§ **What you need to do**
Retype the whole listing exactly. Leave out pictures.

§ **Data section**
• • • • • • •
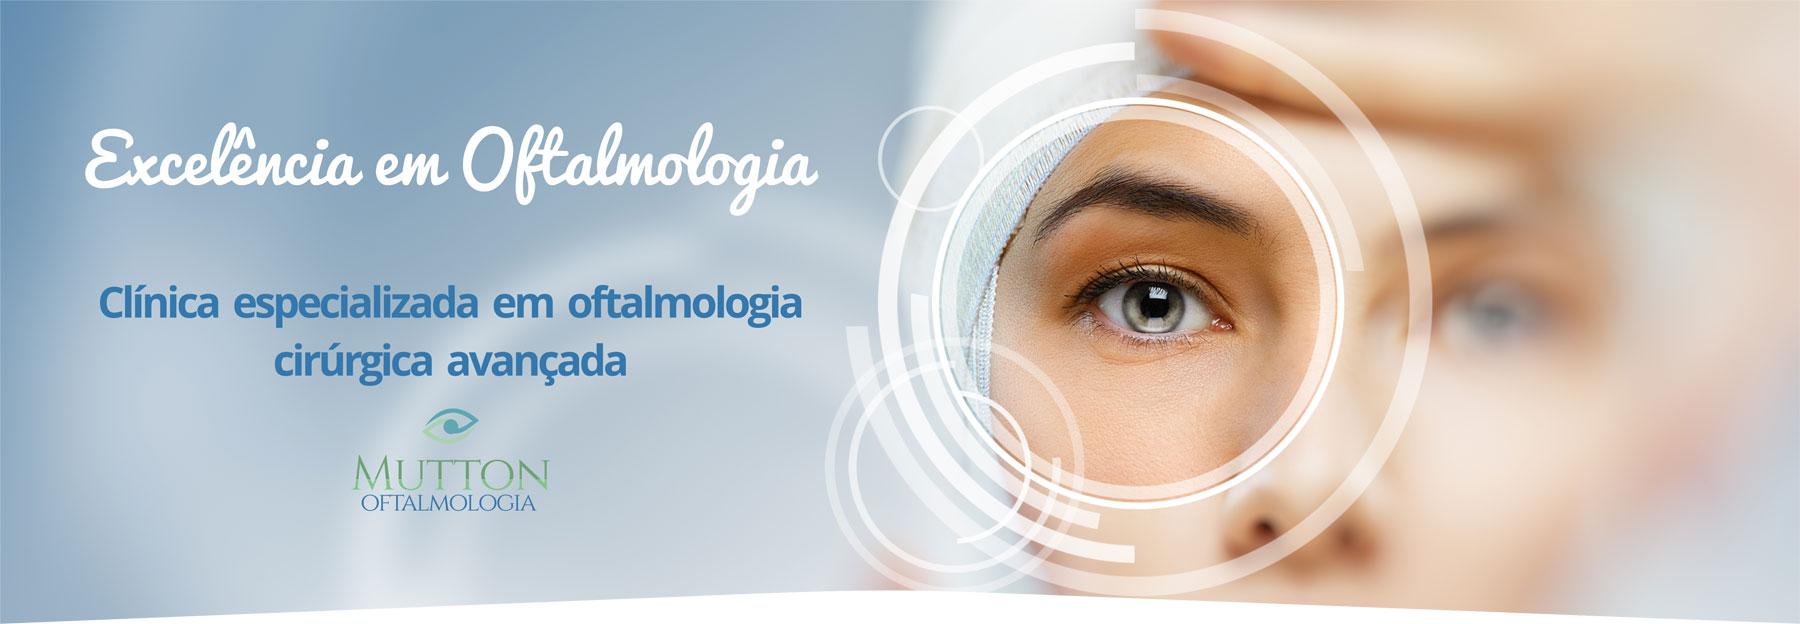 clinica-oftalmologica em sorocaba
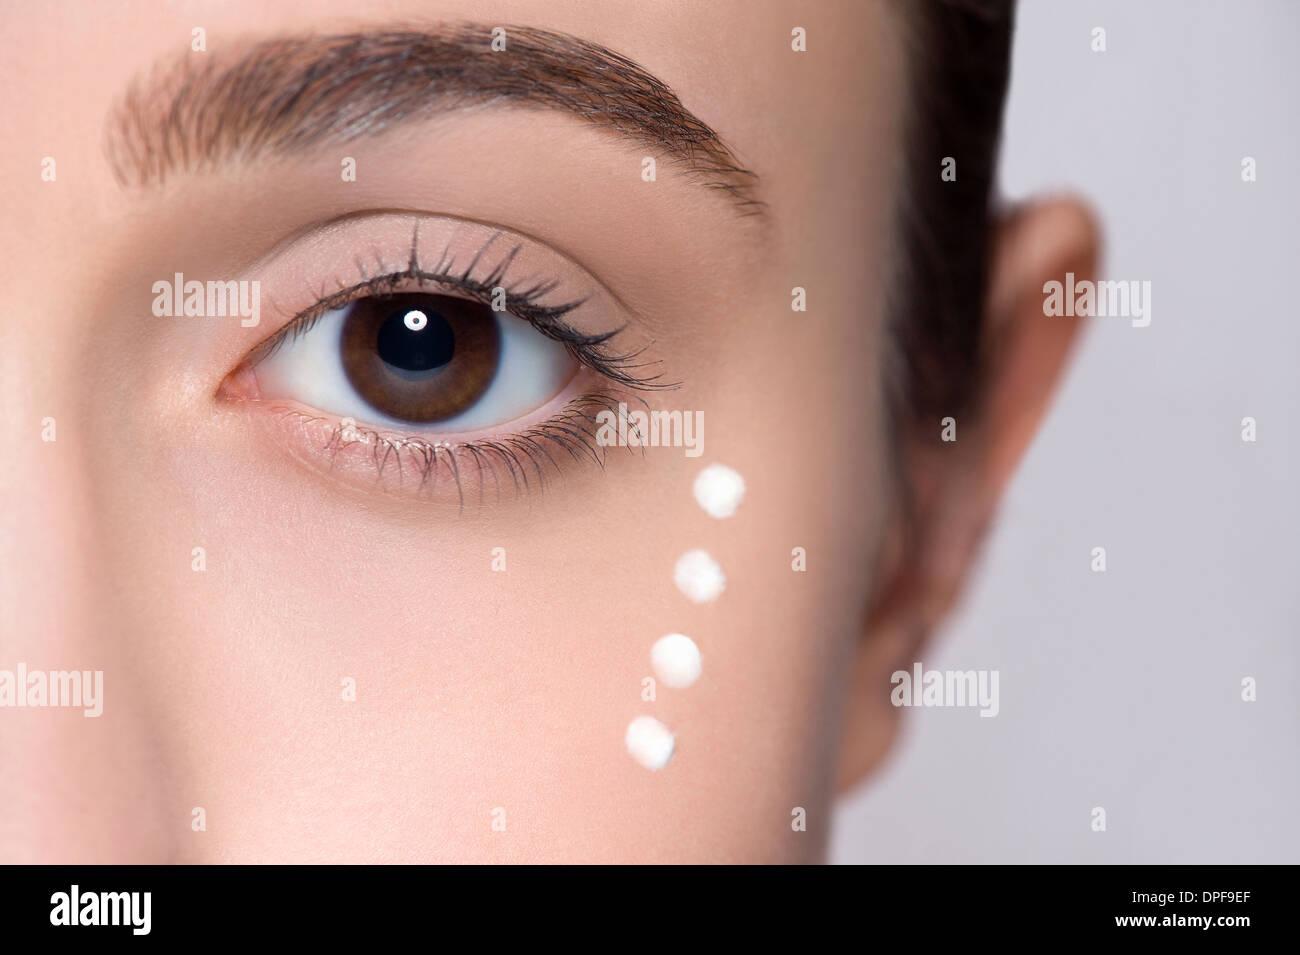 Ritagliato studio shot della giovane donna's eye Immagini Stock
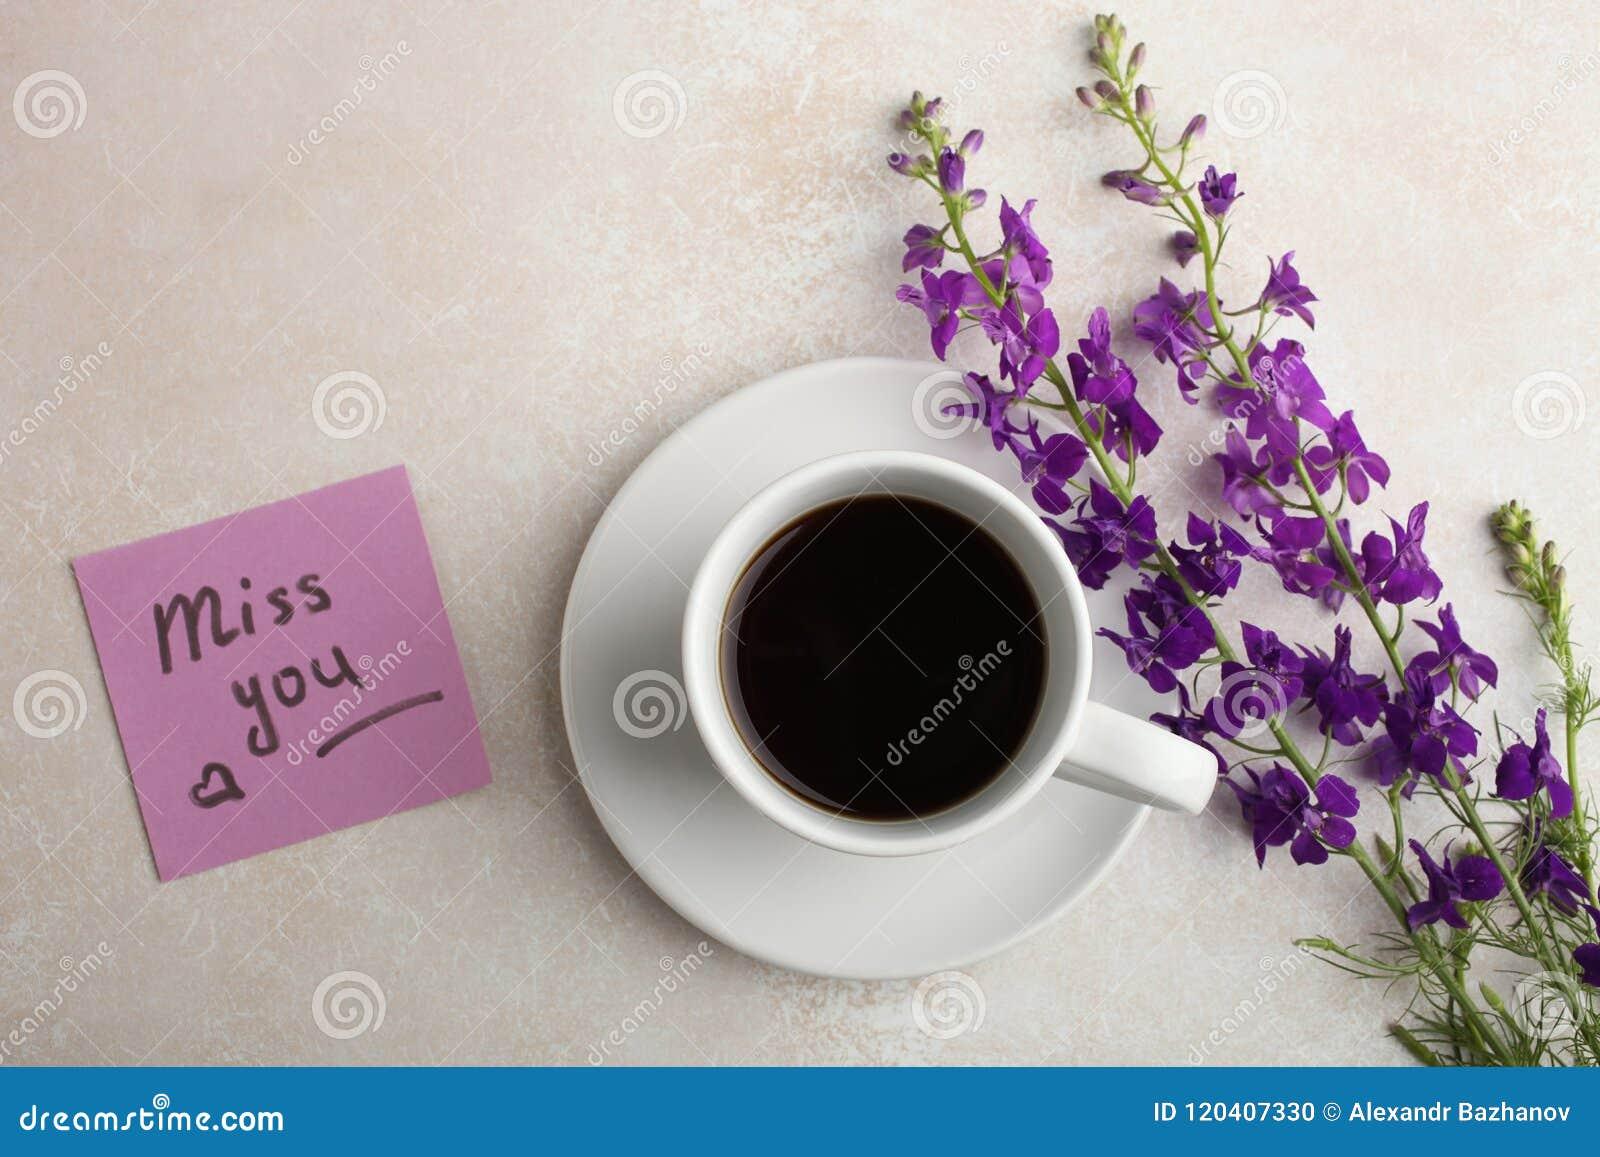 Flores, una taza de té y una nota
• • • • • • •
§ **Exercise output**
 clinica-oftalmologica em sorocaba
 Ritagliato studio shot della giovane donna's eye Immagini Stock
 Flores, una taza de té y una nota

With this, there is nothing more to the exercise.